The target platform consists of p identical processors that are part of of a fully connected clique. All interconnection links have same bandwidth. If a task T communicates data to a successor task T′, the cost is modeled as

$$\text{ cost}(T,T') = \left \{\begin{array}{ll} 0 &\text{ if }\text{ alloc}(T) = \text{ alloc}(T')\\ c(T, T') &\text{ otherwise,} \end{array} \right.$$

where alloc(T) denotes the processor that executes task T, and c(T, T′) is defined by the application specification. The time for communication between two tasks running on the same processor is negligible. This so-called macro-dataflow model makes two main assumptions: (i) communication can occur as soon as data are available and (ii) there is no contention for network links. Assumption (i) is reasonable as communication can overlap with (independent) computations in most modern computers. Assumption (ii) is much more questionable. Indeed, there is no physical device capable of sending, say, 1, 000 messages to 1, 000 distinct processors, at the same speed as if there were a single message. In the worst case, it would take 1, 000 times longer (serializing all messages). In the best case, the output bandwidth of the network card of the sender would be a limiting factor. In other words, assumption (ii) amounts to assuming infinite network resources. Nevertheless, this assumption is omnipresent in the traditional scheduling literature.

Definition 8

A communication task graph (or commTG) is a direct acyclic graph \(G = (V,E,w,c)\), where vertices represent tasks and edges represent precedence constraints. The computation weight function is \(w : V \rightarrow {\mathbb{N}}^{{_\ast}}\) and the communication cost function is \(c : E\rightarrow {\mathbb{N}}^{{_\ast}}\). A schedule \(\sigma \) must preserve dependences, which is written as

$$\forall e = (T,T') \in E,\left \{\begin{array}{ll} \sigma (T) + w(T) \leq \sigma (T') \\ \qquad \quad { if }\text{ alloc}(T) = \text{ alloc}(T') \\ \sigma (T) + w(T) + c(T,T') \leq \sigma (T') \\ \qquad \quad { otherwise.} \end{array} \right.$$

The expression of resource constraints is the same as in the no-communication case.
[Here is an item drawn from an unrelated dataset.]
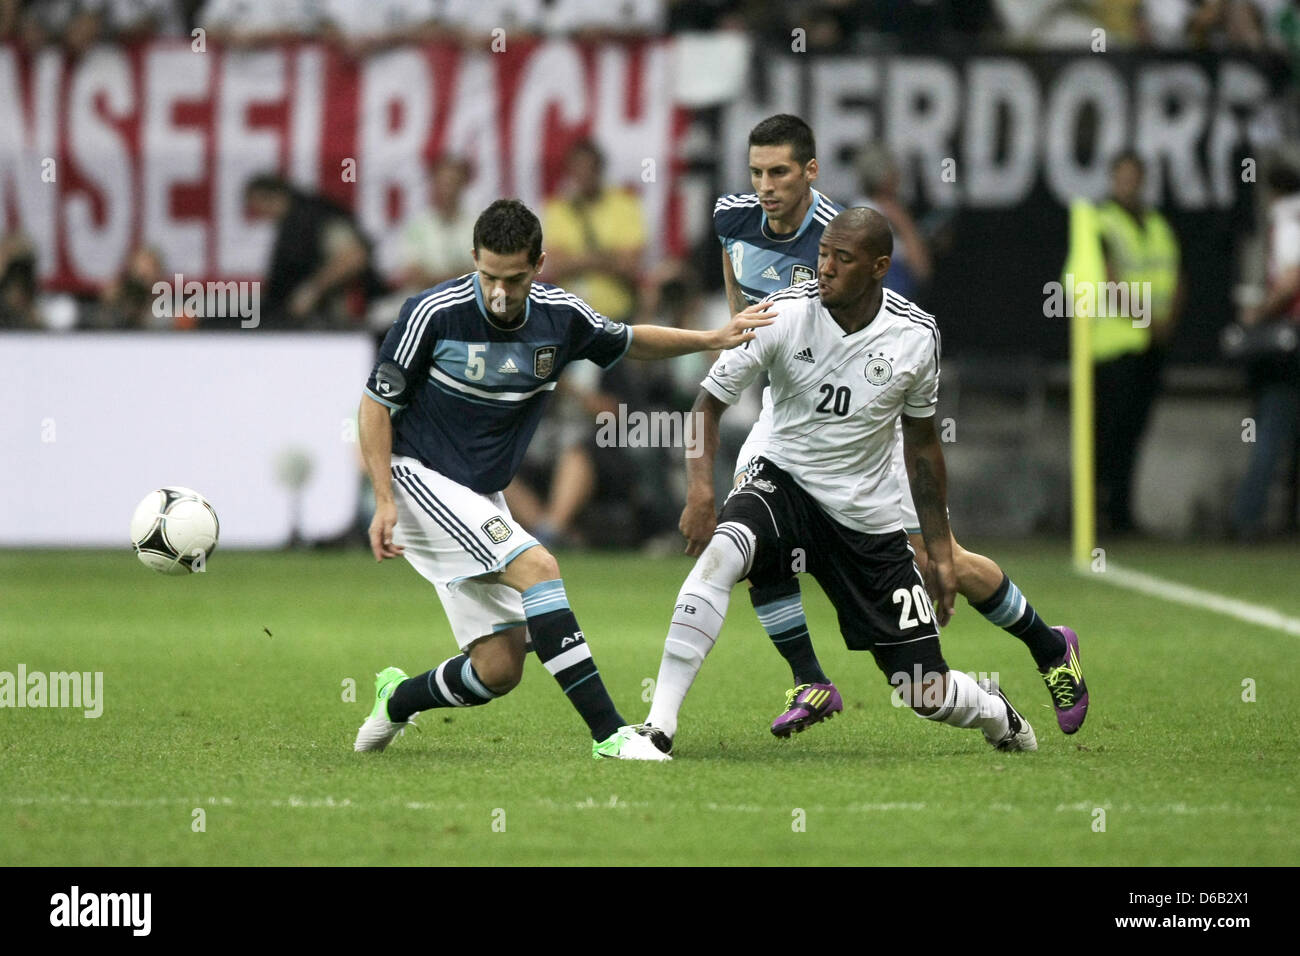 Germany's Jerome Boateng (R) vies for the ball with Argentina's Fernando Gago (L) and Jose Ernesto Sosa during their friendly soccer match Germany vs Argentina at Commerzbank-Arena stadium in Frankfurt Main, Germany, 15 August 2012. Photo: Fredrik von Erichsen dpa/lhe  +++(c) dpa - Bildfunk+++ Stock Photo

Complexity and List Heuristics with Communications

Including communication costs in the model makes everything difficult, including solving Pb\((\infty )\). The intuitive reason is that a trade-off must be found between allocating tasks to either many processors (hence balancing the load but communicating intensively) or few processors (leading to less communication but less parallelism as well). Here is a small example, borrowed from [9].

Consider the commTG in Fig. 6. Task weights are indicated close to the tasks within parentheses, and communication costs are shown along the edges, underlined. For the sake of this example, two non-integer communication costs are used: c(T ₄, T ₆) = c(T ₅, T ₆) = 1. 5. Of course, every weight w and cost c could be scaled to have only integer values. Observe the following:

• On the one hand, if all tasks are assigned to the same processor, the makespan will be equal to the sum of all task weights, that is, 13.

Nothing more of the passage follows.